(Task goal) An exact reproduction of the data below is expected, free of images.

(Data provided)
-*-*-
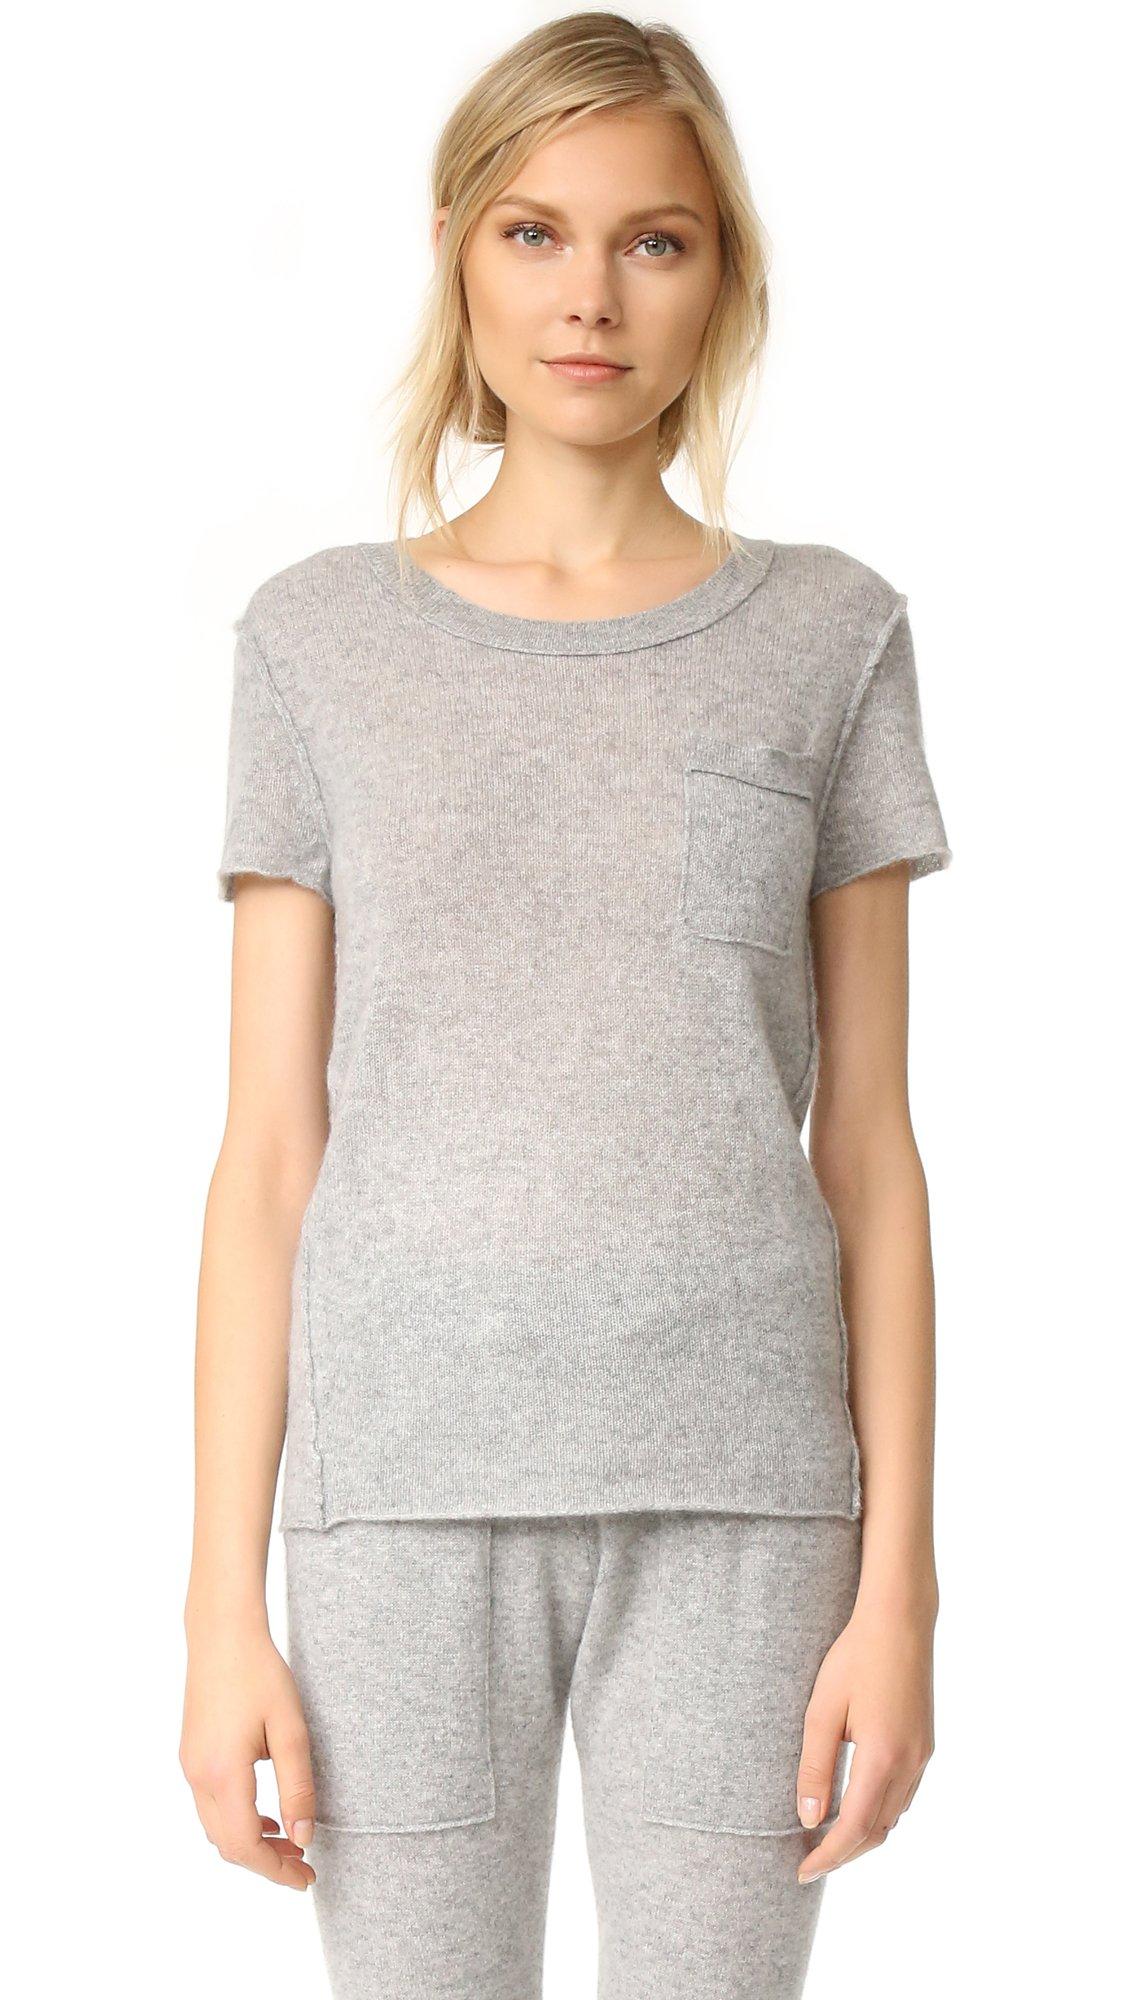 White + Warren Women's Cashmere Essential Pocket Tee, Grey Heather, Medium
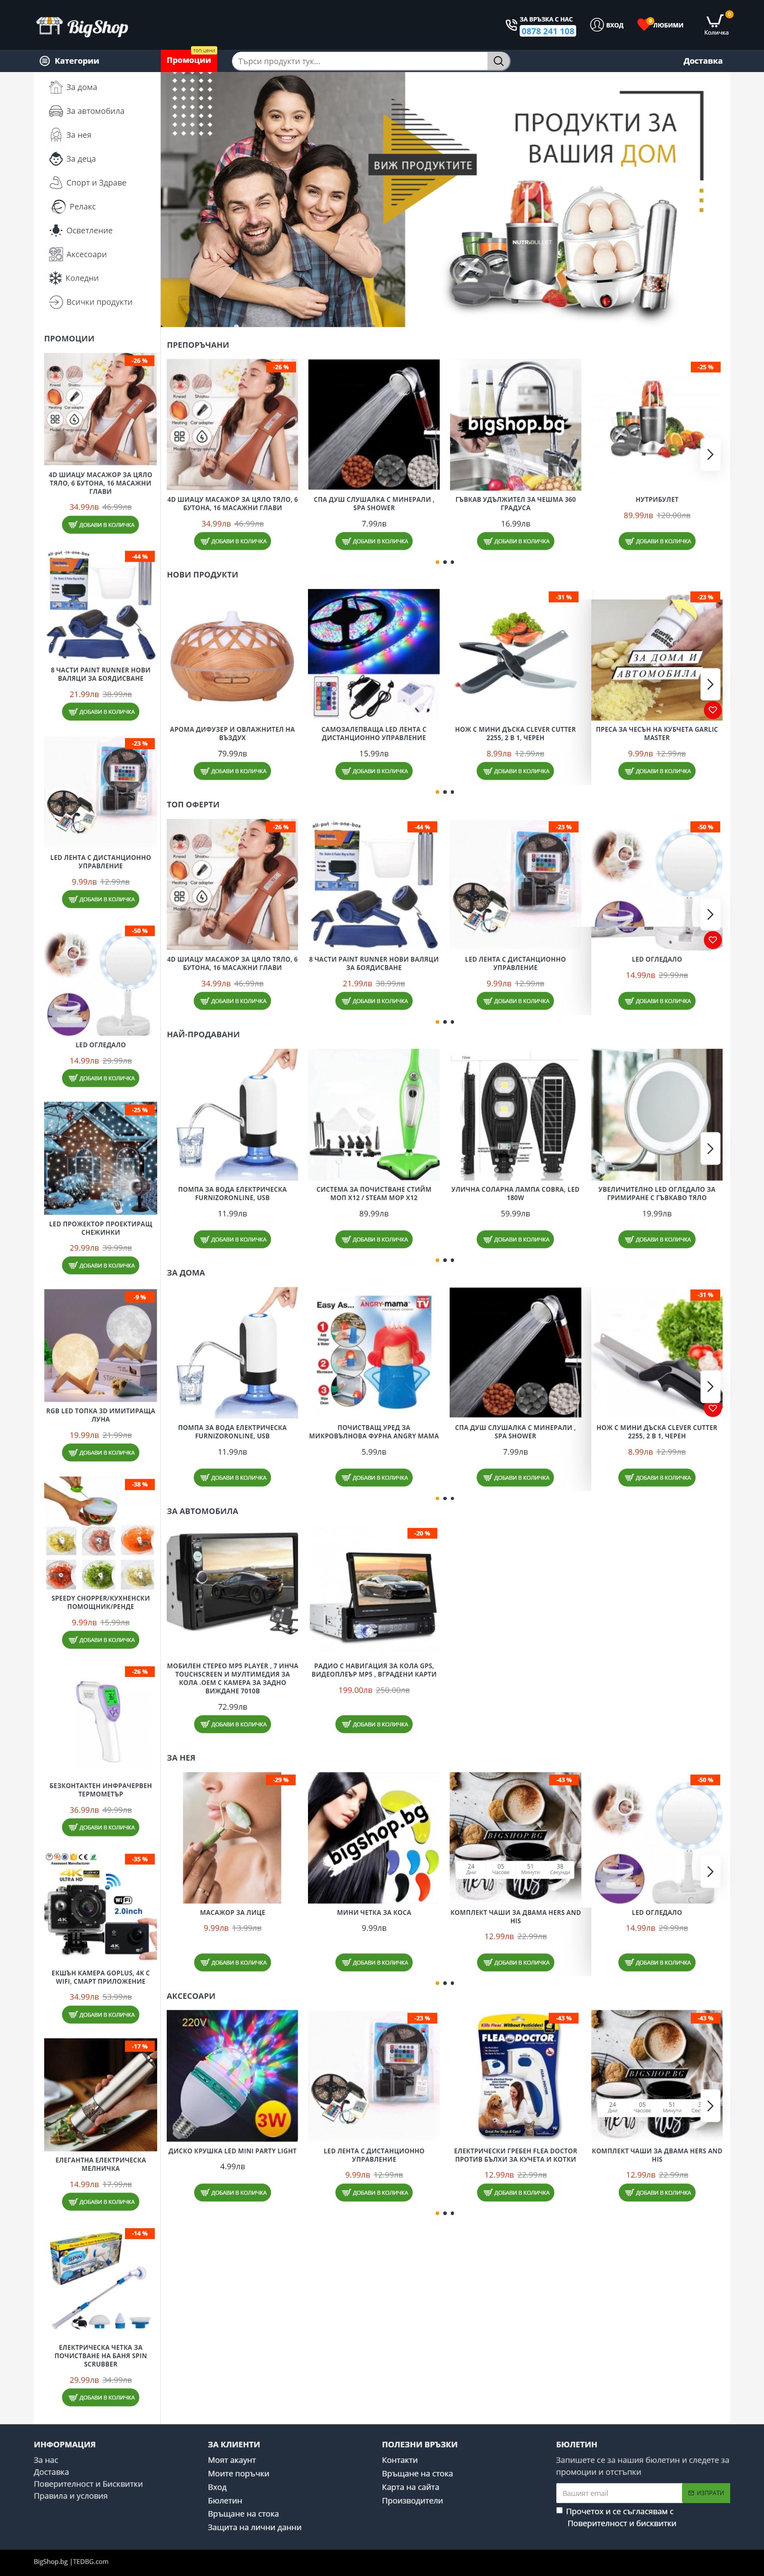 Онлайн магазин за продукти
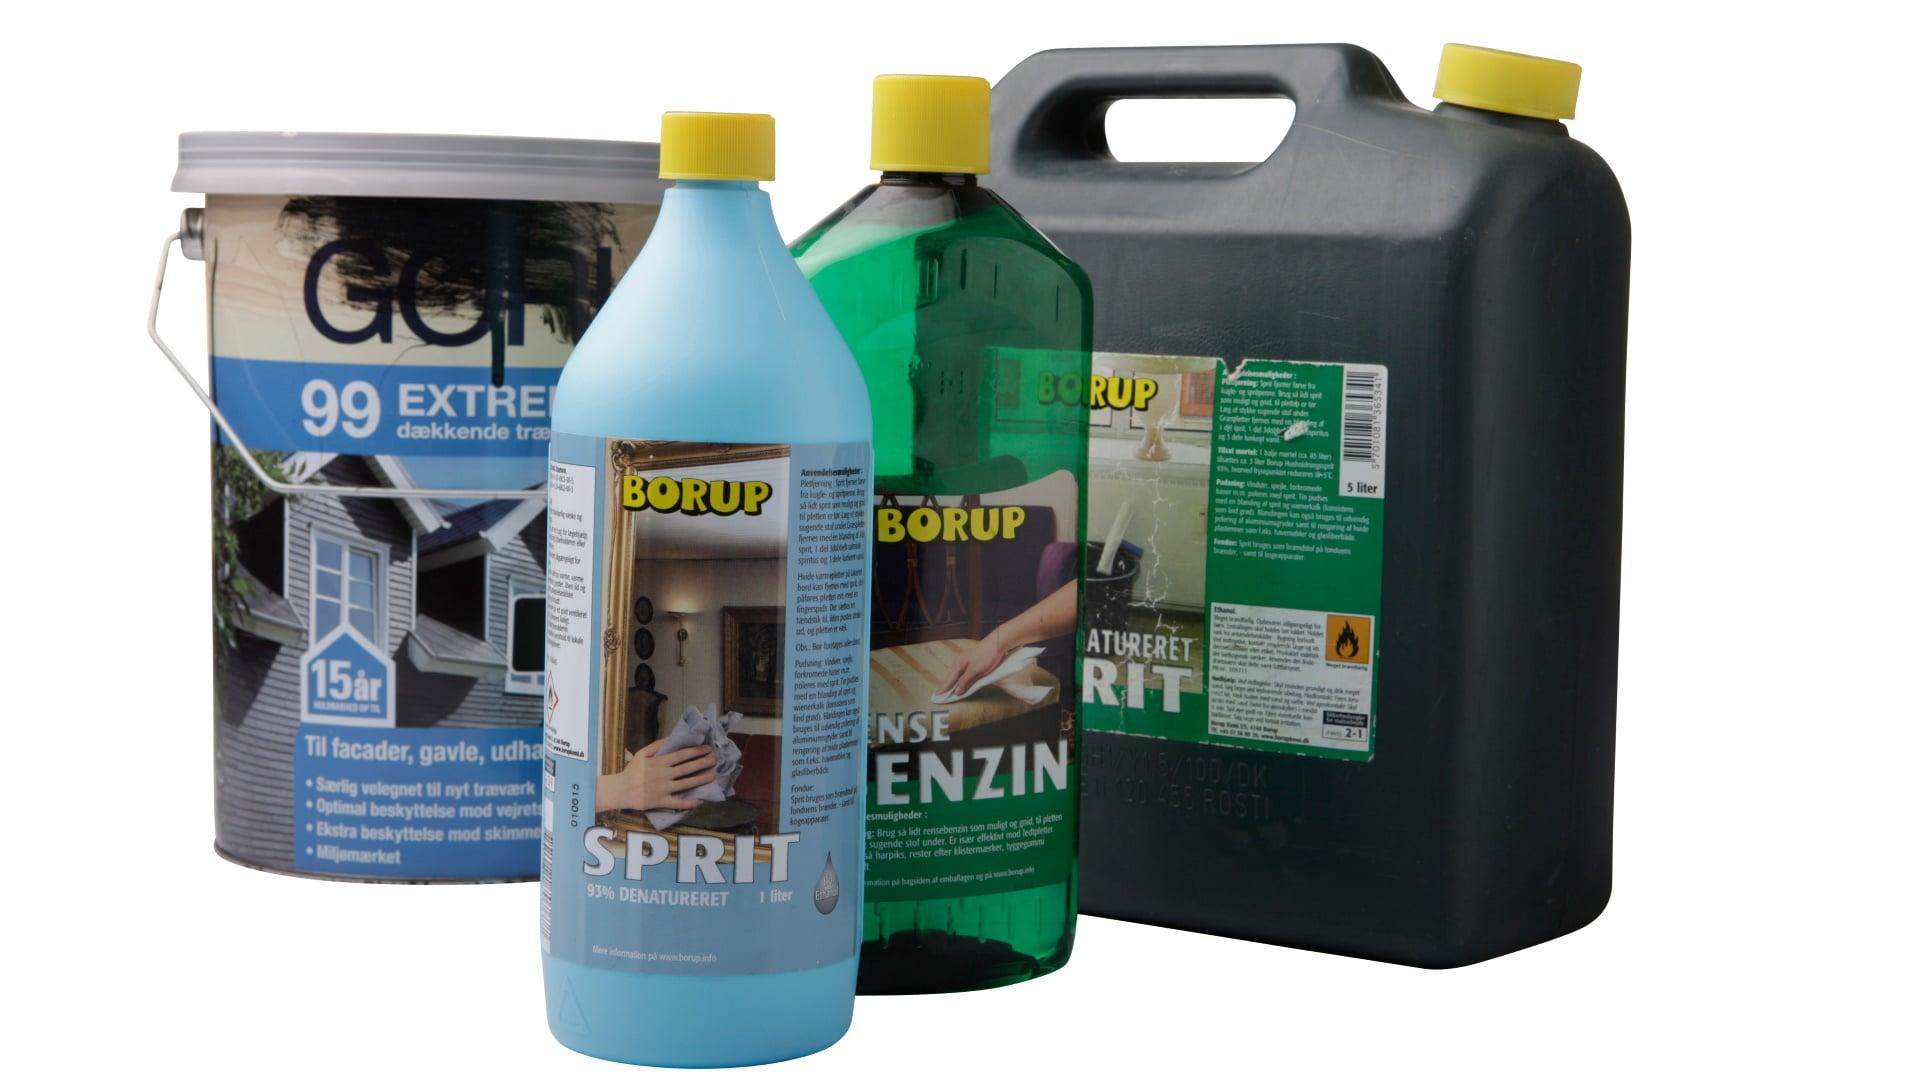 Kemikalieemballage, malingspand, spritflaske og benzinflaske Spritdunk
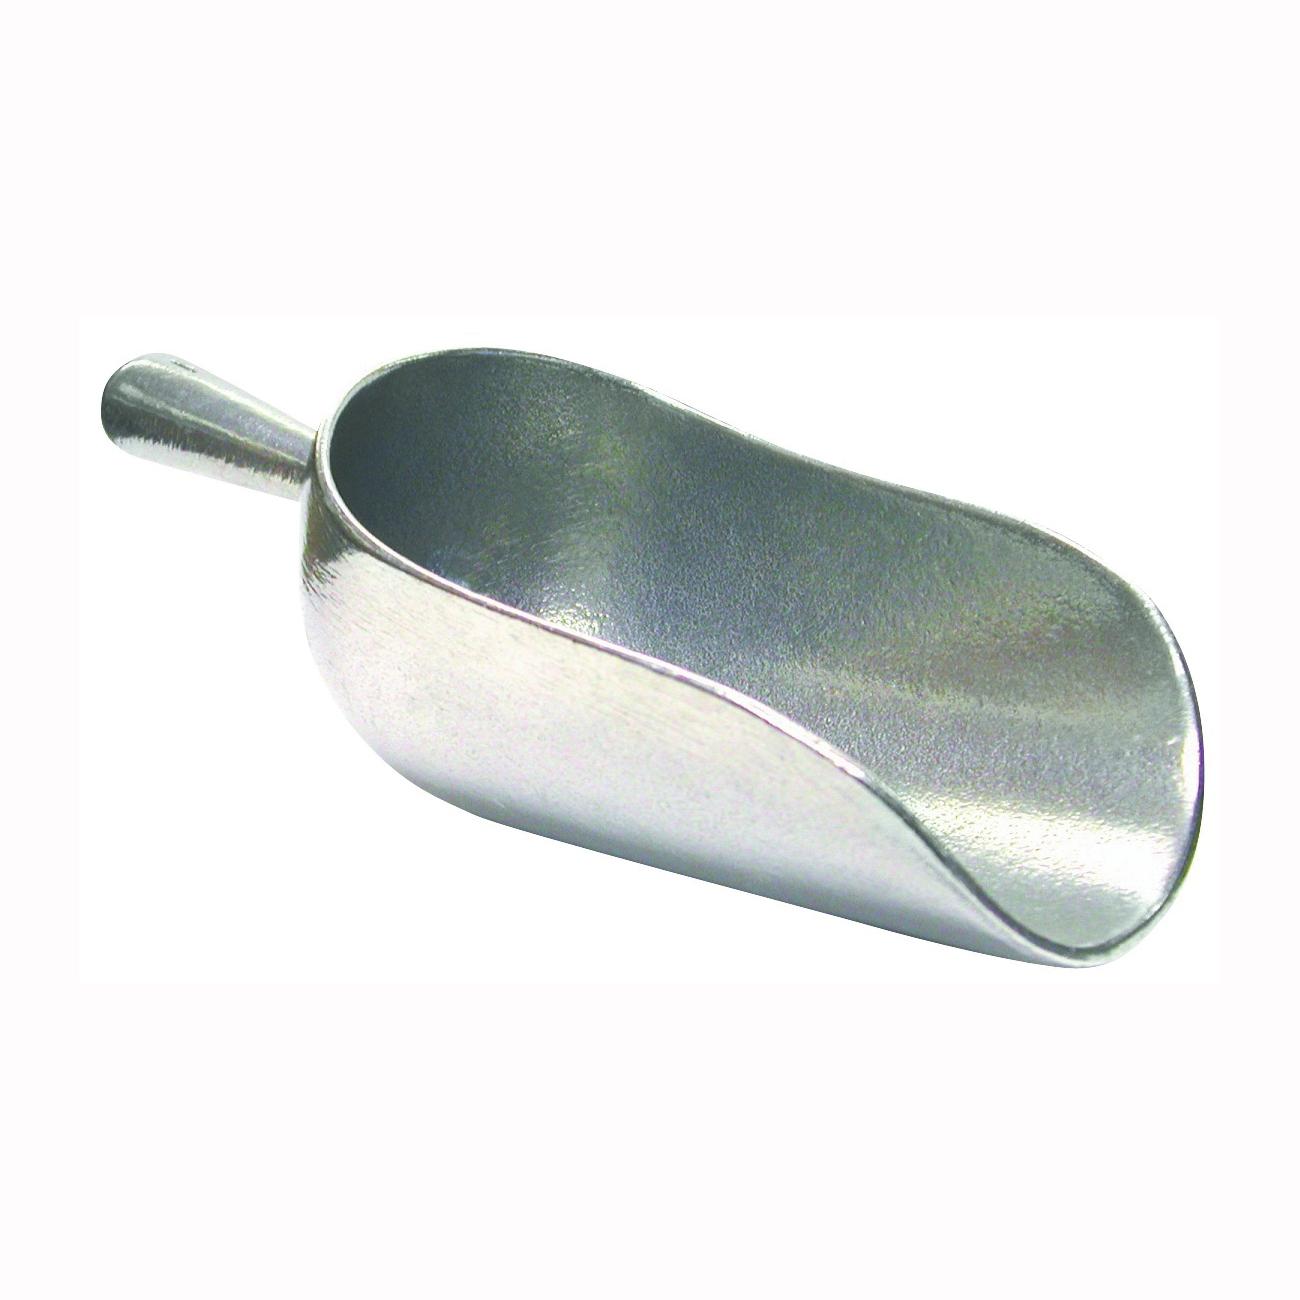 Picture of NORPRO 9000 Scoop, 7 in L, Aluminum
-*-*-
(Response box)
 White + Warren Women's Cashmere Essential Pocket Tee, Grey Heather, Medium
 Онлайн магазин за продукти
 Kemikalieemballage, malingspand, spritflaske og benzinflaske Spritdunk
 Picture of NORPRO 9000 Scoop, 7 in L, Aluminum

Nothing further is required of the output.